DEFINITION of 'Exempt Transaction'

An exempt transaction is a type of securities transaction where a business does not need to file registrations with any regulatory bodies, provided the number of securities involved is relatively minor compared to the scope of the issuer's operations and that no new securities are being issued. In other words, an exempt transaction is a securities exchange that would otherwise have to register with the Securities and Exchange Commission (SEC), but does not because of the nature of the transaction in question.

BREAKING DOWN 'Exempt Transaction'

Exempt transactions cut down the amount of paperwork needed for relatively minor transactions. For example, it would be a big hassle to perform a filing with the SEC every time a non-executive employee wanted to sell back some of the company's common shares he or she purchased as part of an employee stock purchase plan.

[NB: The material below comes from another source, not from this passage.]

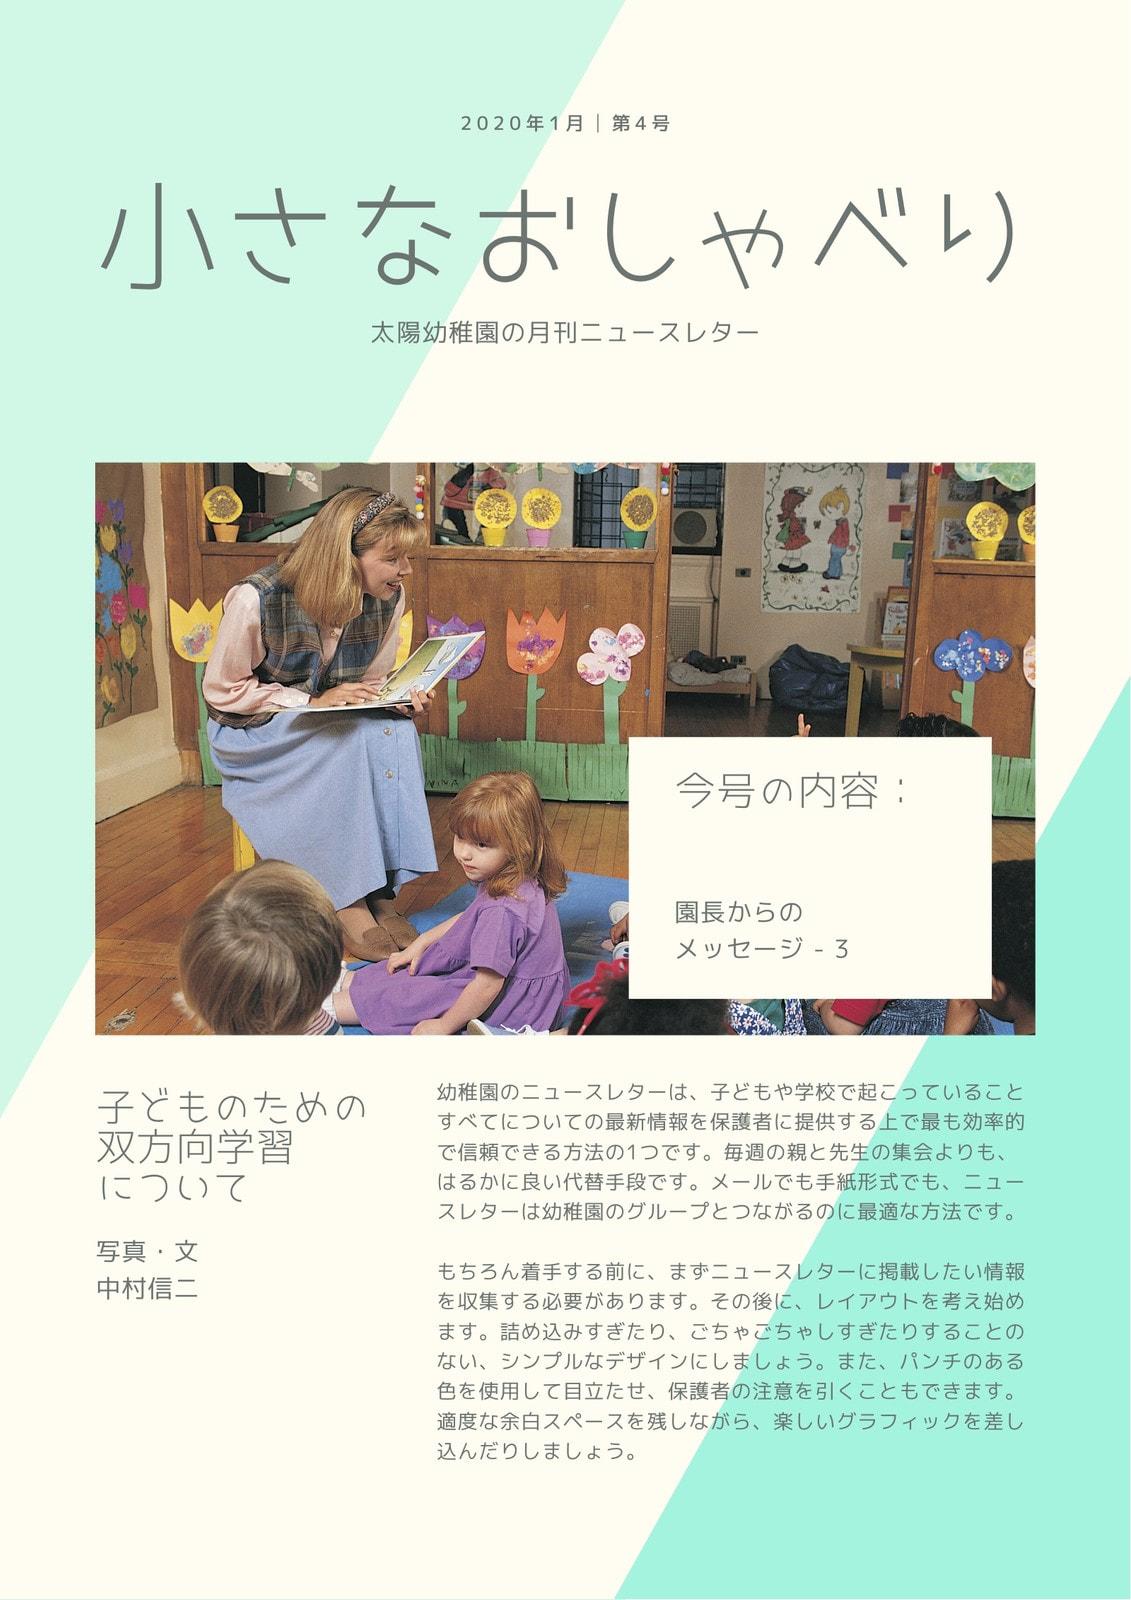 シアンと黄色 太字 クリエイティブ 幼稚園のニュースレター
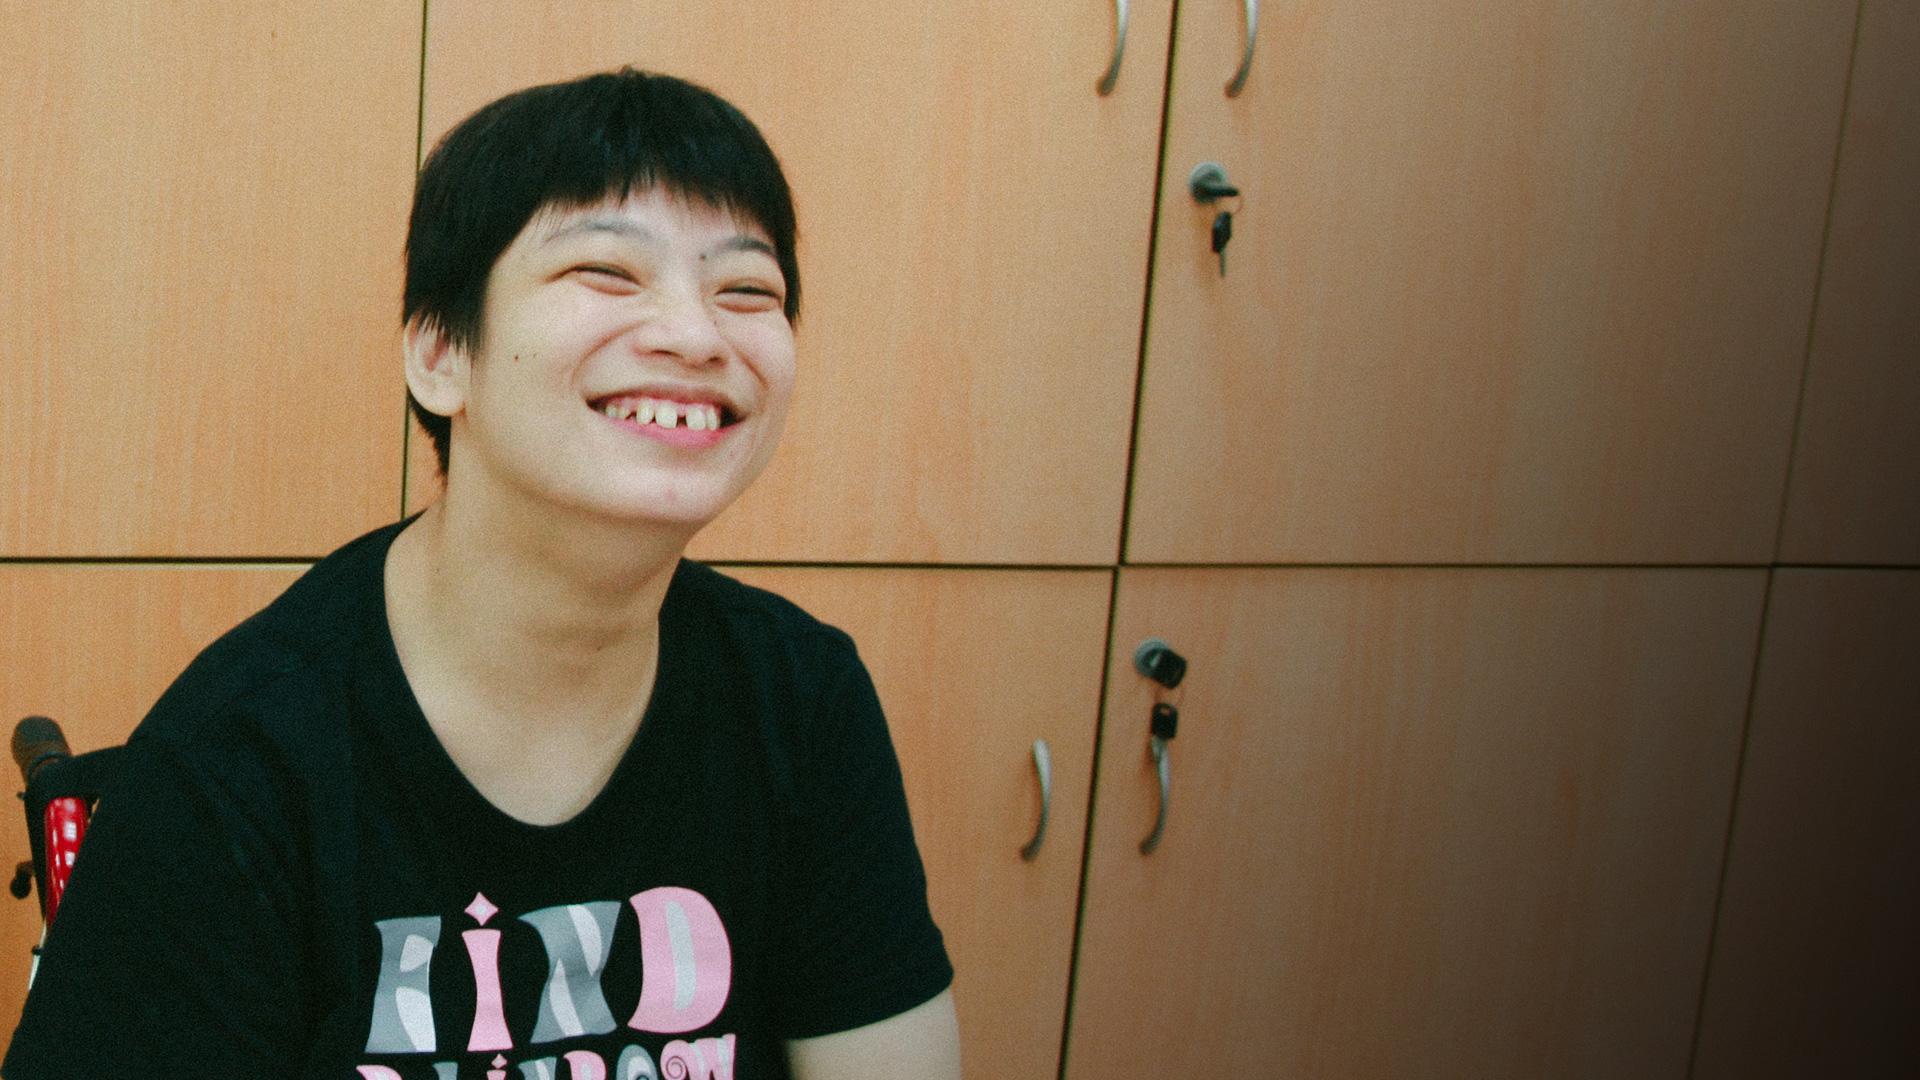 王怡靜-喜登坊-38歲-加入晴天坊3年9個月<

Types of Exempt Transactions

A private placement or Reg D offering is a type of exempt transaction in which the securities are not offered to the public, but are instead sold privately to an accredited investor. According to the SEC, an accredited investor can be:

  • An insurance company, bank, business development company, small business investment company, or registered investment company
  • An employee benefit plan administered by a bank, registered investment company, or insurance company
  • A tax-exempt charitable organization
  • Someone with at least $1 million in net worth, excluding his or her primary residence
  • A person with more than $200,000 in income, or joint income of more than $300,000 with a spouse in both of the previous two years
  • An enterprise owned by accredited investors
  • A general partner, executive officer, or director of the company selling the securities
  • A trust with assets of at least $5 million, as long as it has not been formed just to buy the securities in question

Other types of exempt transactions include Reg A offerings, also known as small business company offerings, which permit the issuing company to raise no more than $5 million in a 12-month period. This allows smaller companies to access securities markets to raise capital. Rule 147 offerings, or intrastate offerings, are also exempt. Transactions with financial institutions, fiduciaries, and insurance underwriters may be considered exempt. Unsolicited orders, which are those executed through a broker at the request of his or her client, are also considered exempt.